Before detailing it, let’s see what kind of improvement this processing can make on a still image (open images in new tab to see full detail):
That’s quite an improvement! Noise is removed and not only has detail not been lost, it has been improved. First, what camera settings did I use to take the raw image?
- ISO 1600
- 18mm focal length
- f/22.0
- 1/3s exposure
These values are not so contrived, as a night-sky exposure is typically made at ISO 800+ with long exposure, and possibly a stopped-down aperture. This is noise you might expect to see in a long exposure of a dark sky. The trick then becomes removing the noise, and in a way that leaves stars and nebulae in tact, raising the signal-to-noise ratio. This is where image subtraction and stacking come in.

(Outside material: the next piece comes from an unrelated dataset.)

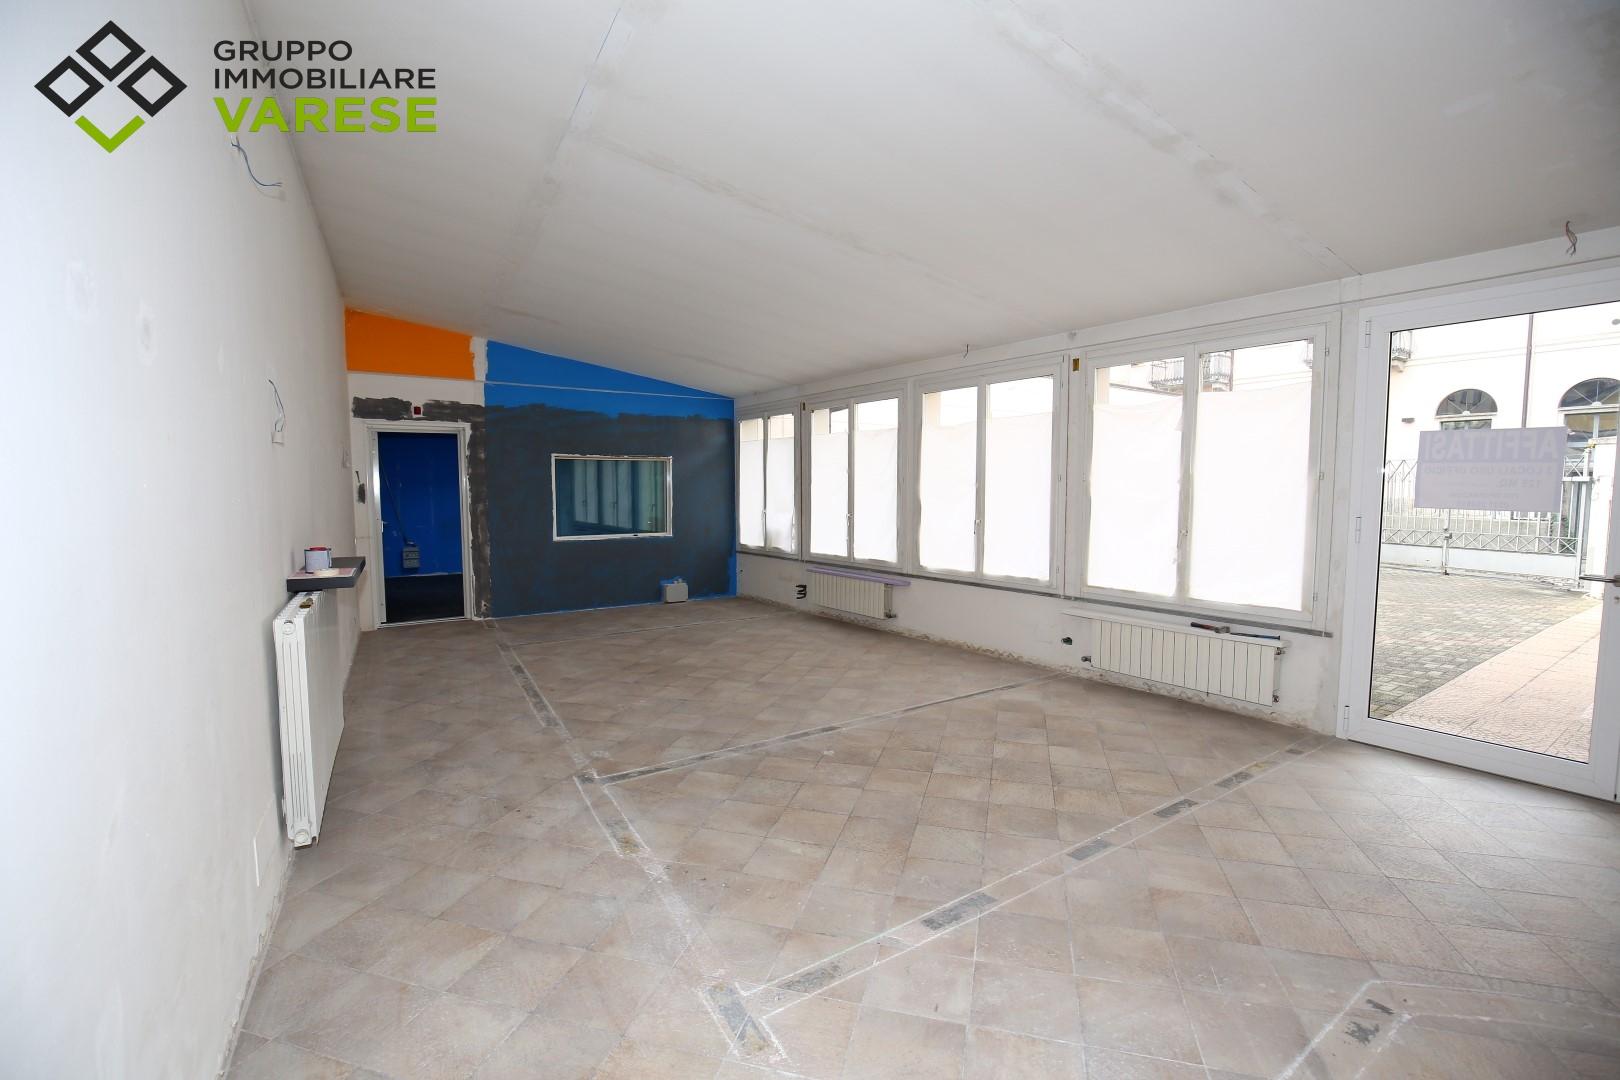 Studio Ufficio In Affitto A Varese Cod 0096b

Put simply, this is done by taking images that isolate specific sources of noise, then subtracting that noise from the image. Noise sources are namely thermal noise from the exposure process and intrinsic charge bias on individual photodetectors. Remove these and you’ll have a nice, clean, pretty image without sacrificing detail or color definition.
What frames and data are we trying to collect?
- Light frames: the photo target
- Dark frames: thermal noise of the sensor and its imaging environment
- Flat frames: lens vignetting and dust or other phsyical blemishes on the sensor or lens
- Bias frames: inherent charge levels of individual photodetectors in the CMOS (or CCD)
Data Examples
These frame examples are exaggeratd to show the data we’re trying to capture.
Dark Frame
Flat Frame
Bias Frame
I use Siril to stack frames; it’s FOSS, pretty well-documented and it’s easy to find other users online. I won’t go over how to stack these different frames to subtract noise, as that is explained very well at FreeAstro and Pixls.
Tips and Tricks
Lights
Longer exposures improve SNR per frame over many shorter exposures, especially with a tracking mount and good filtering. Lower ISO requires longer exposures, but gives lower initial noise in the exposure. Experiment!
Bias
Bias frames go quickly and it’s easy to build a set of 40 frames. Shoot on the same ISO as lights with the fastest shutter your camera will allow. Put the lens cap on to remove light exposure. Take 30-40 shots of bias noise.
Flats
Flats can be done the next day as long as focus, ISO and aperture are identical to the original shoot. Use a white cloth or paper to keep the field of view as evenly lit as possible; rotate the cloth or paper between exposures to build an average of the material’s inherent weave or fiber pattern. Take 20-25 flats.
Darks
Darks must be done at the same time as the lights due to temperature. Keep lights and darks within 3-4 degrees to keep thermal noise consistent. Take at least 20-30 darks for every shoot.